Information supplied »
※

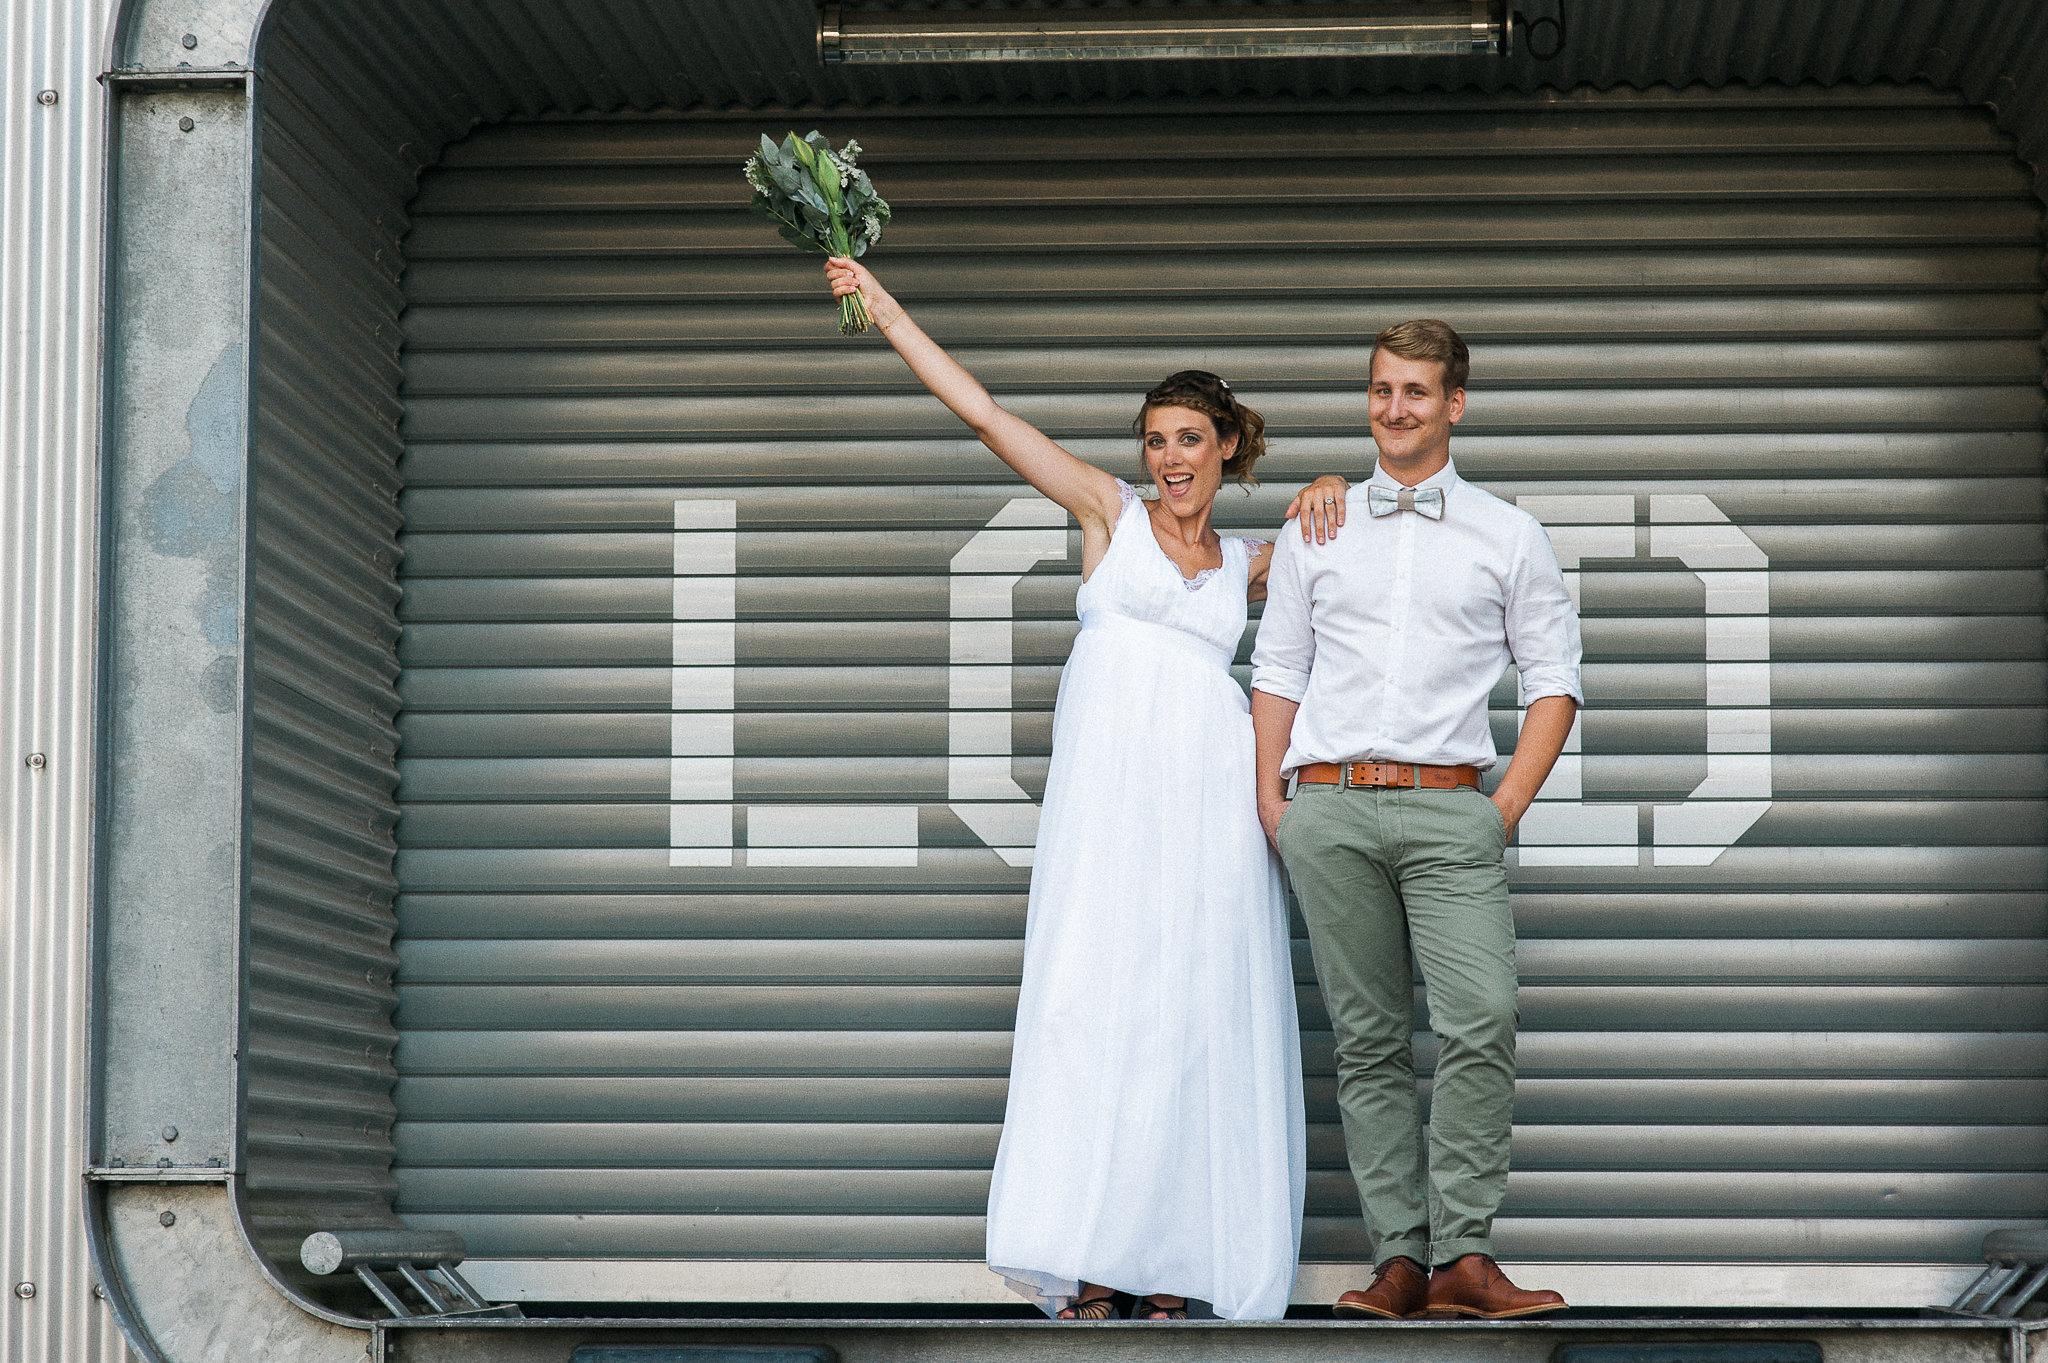 concours-funky-wedding-combi-volkswagen-vintage-crest-la-boheme (2)
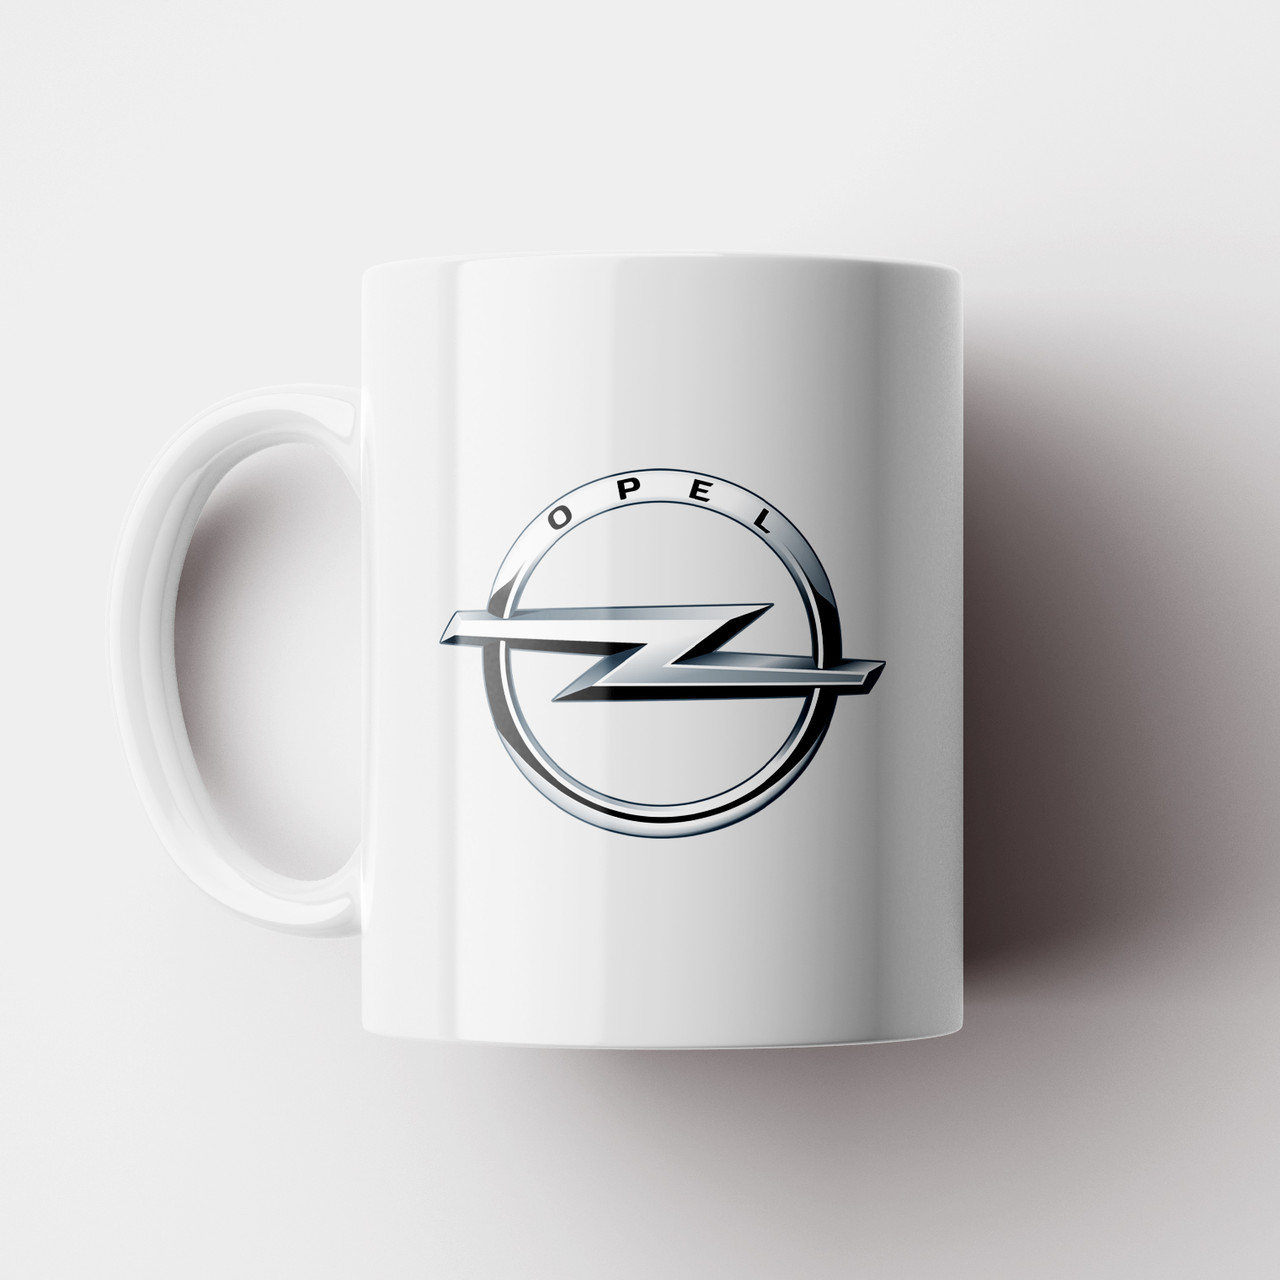 Кружка Opel. Опель
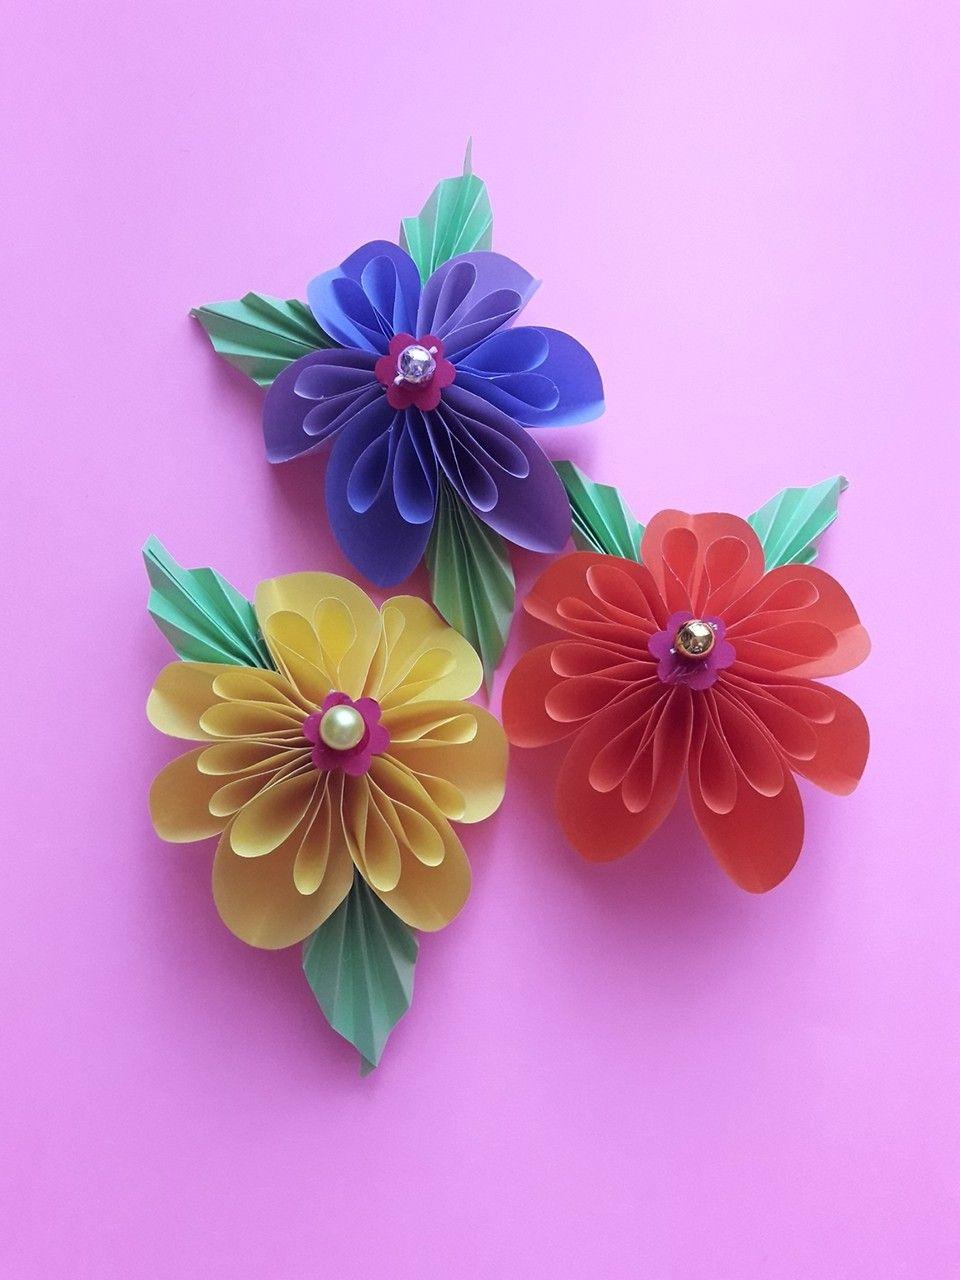 Kwiaty Origami Planter Pots Planters
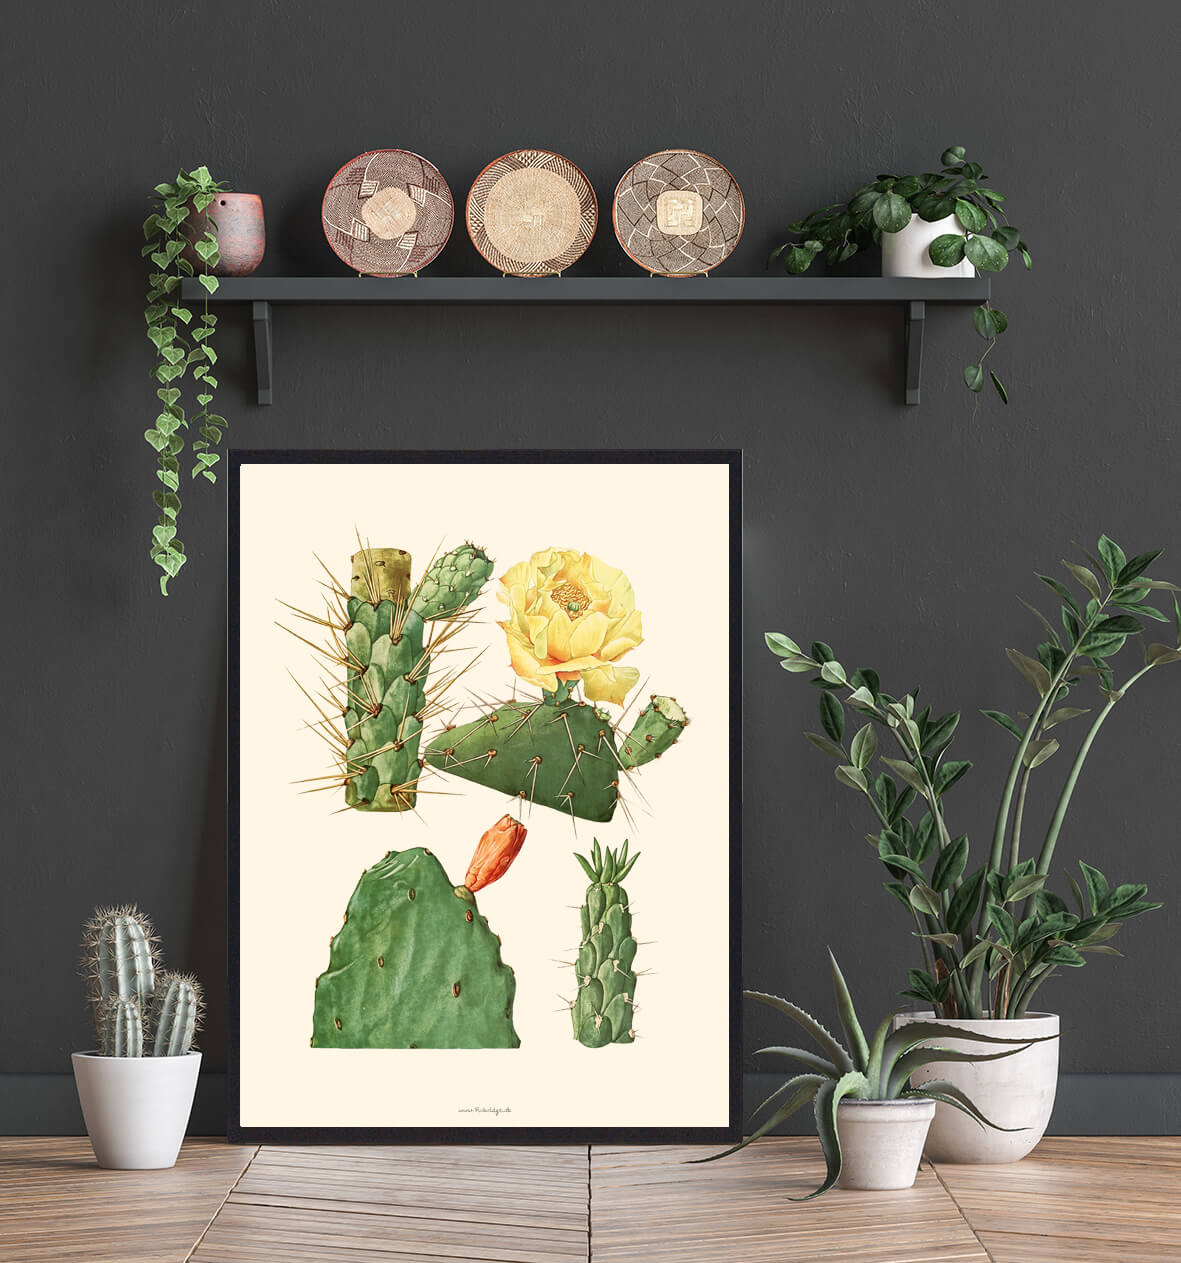 Boligplakat-kaktus-3

※

Work instruction »
The reply should consist of the listing restated word for word, with its pictures removed.

Result of the task »
 concours-funky-wedding-combi-volkswagen-vintage-crest-la-boheme (2)
 Кружка Opel. Опель
 Kwiaty Origami Planter Pots Planters
 Boligplakat-kaktus-3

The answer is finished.